_Goal of the exercise_
When copying the data below, keep only the lines from the one with "Cine documental sobre" through the one with "1980s Vintage Shorts: 80s", word for word, and skip the pictures.

_Extracted records_
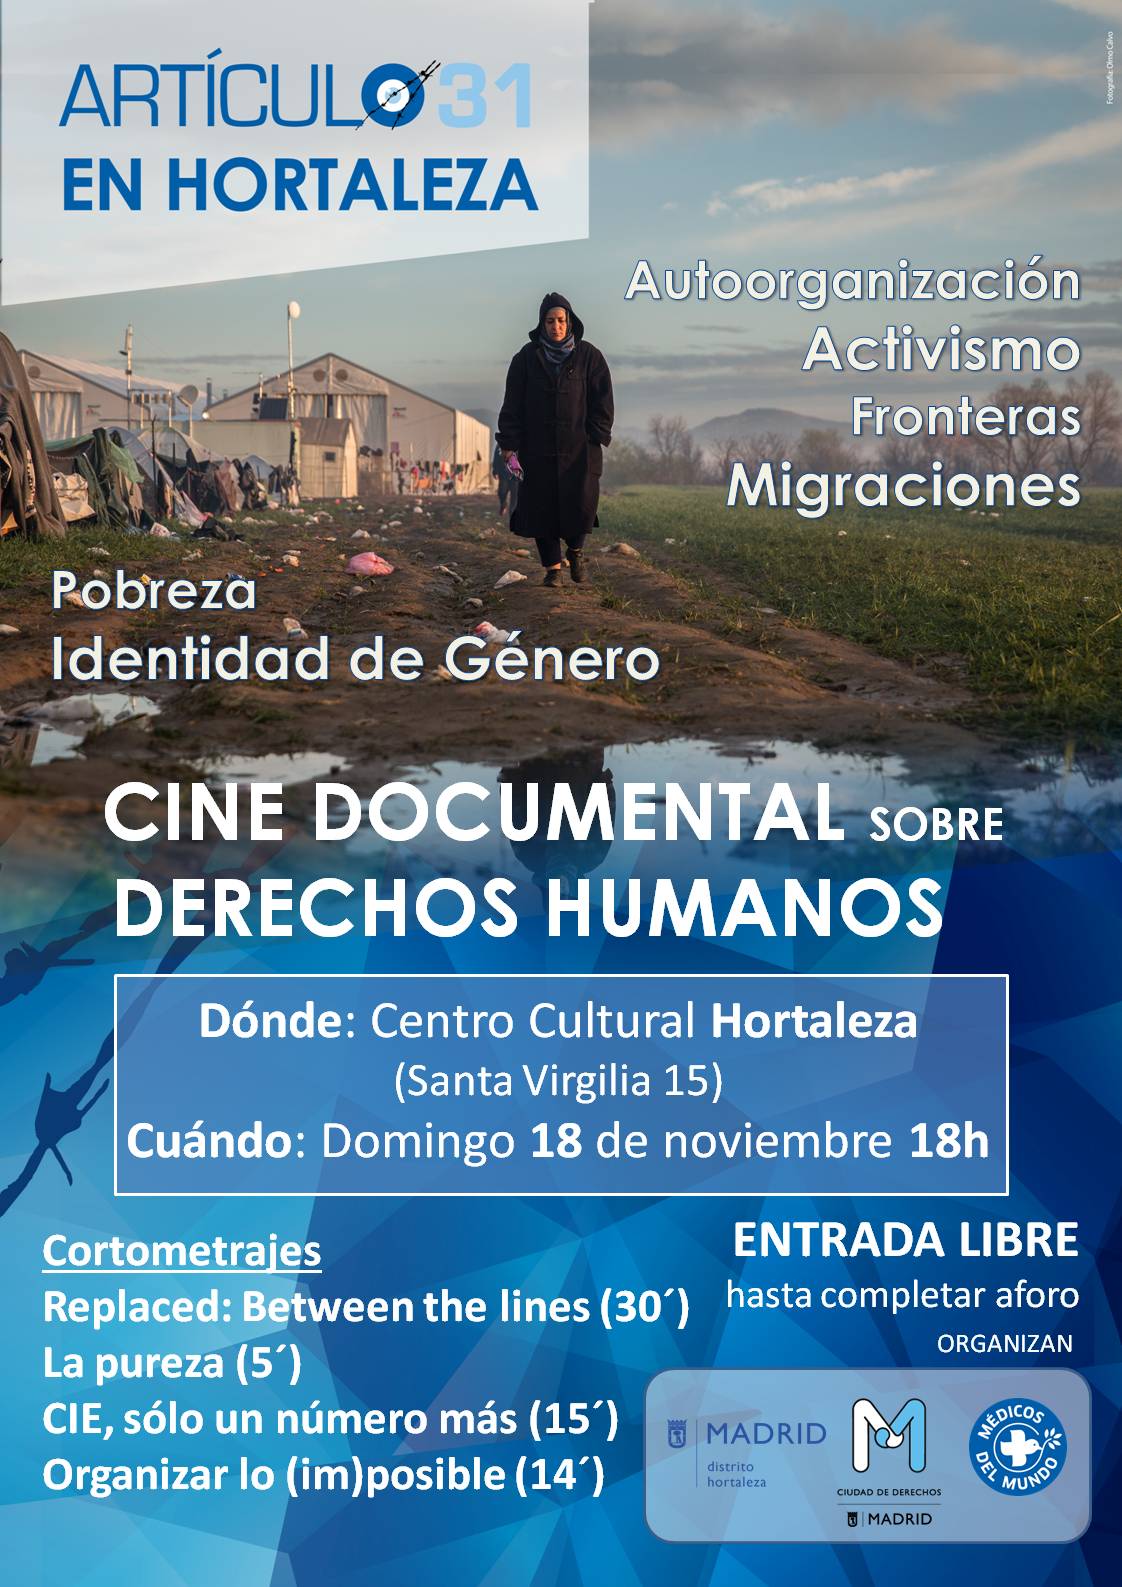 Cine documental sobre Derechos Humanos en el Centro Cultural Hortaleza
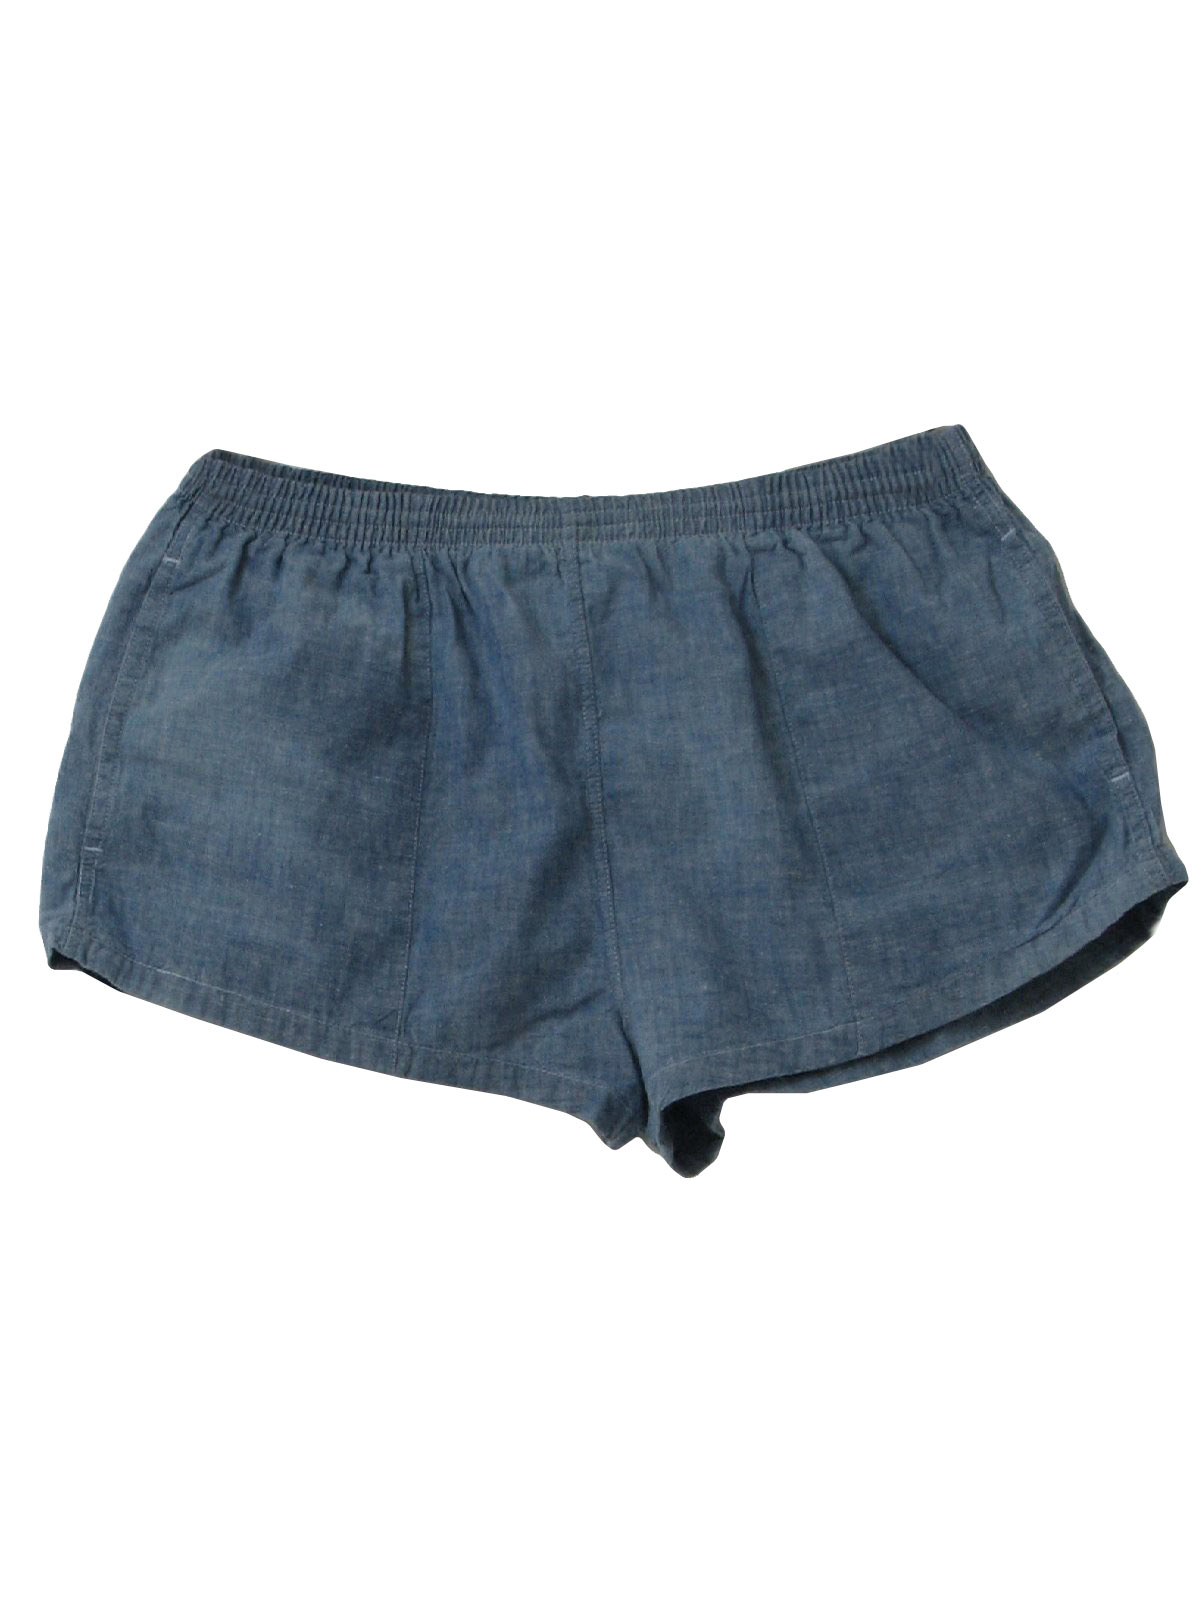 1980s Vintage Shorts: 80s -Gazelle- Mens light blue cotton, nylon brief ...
* * *
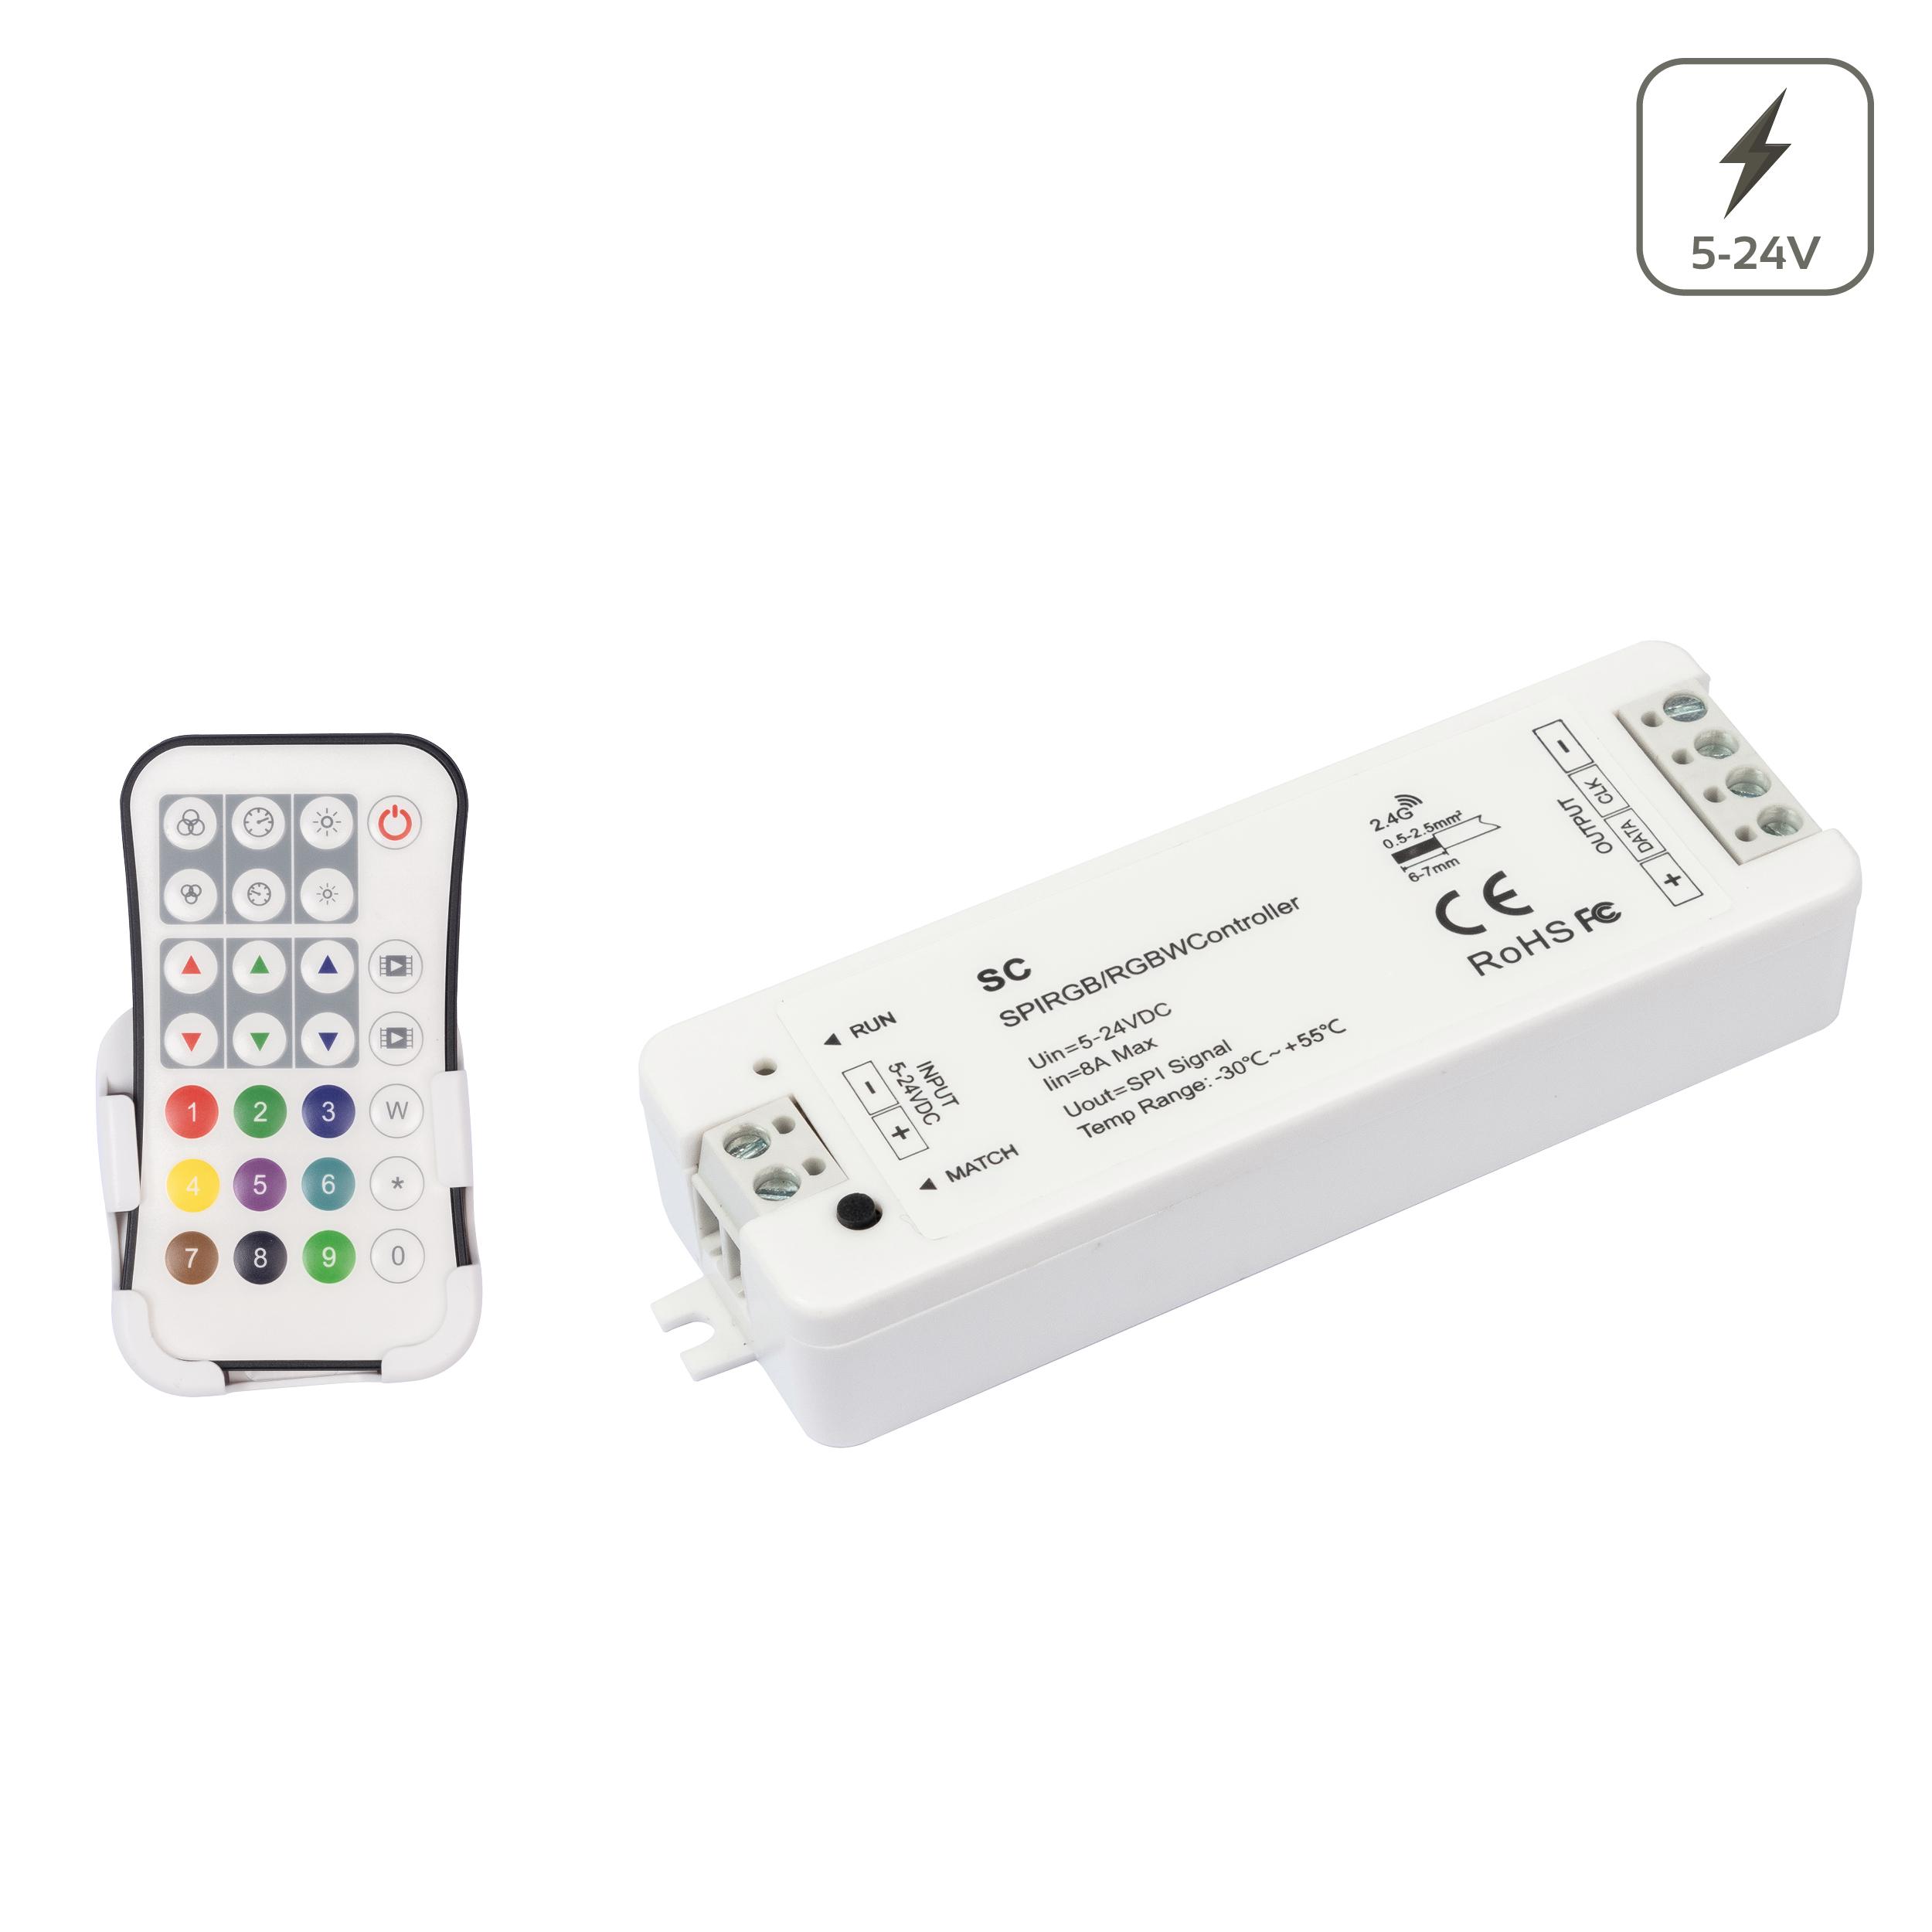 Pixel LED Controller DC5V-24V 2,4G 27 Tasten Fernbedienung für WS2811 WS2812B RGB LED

_Exercise response_
 Cine documental sobre Derechos Humanos en el Centro Cultural Hortaleza
 1980s Vintage Shorts: 80s -Gazelle- Mens light blue cotton, nylon brief ...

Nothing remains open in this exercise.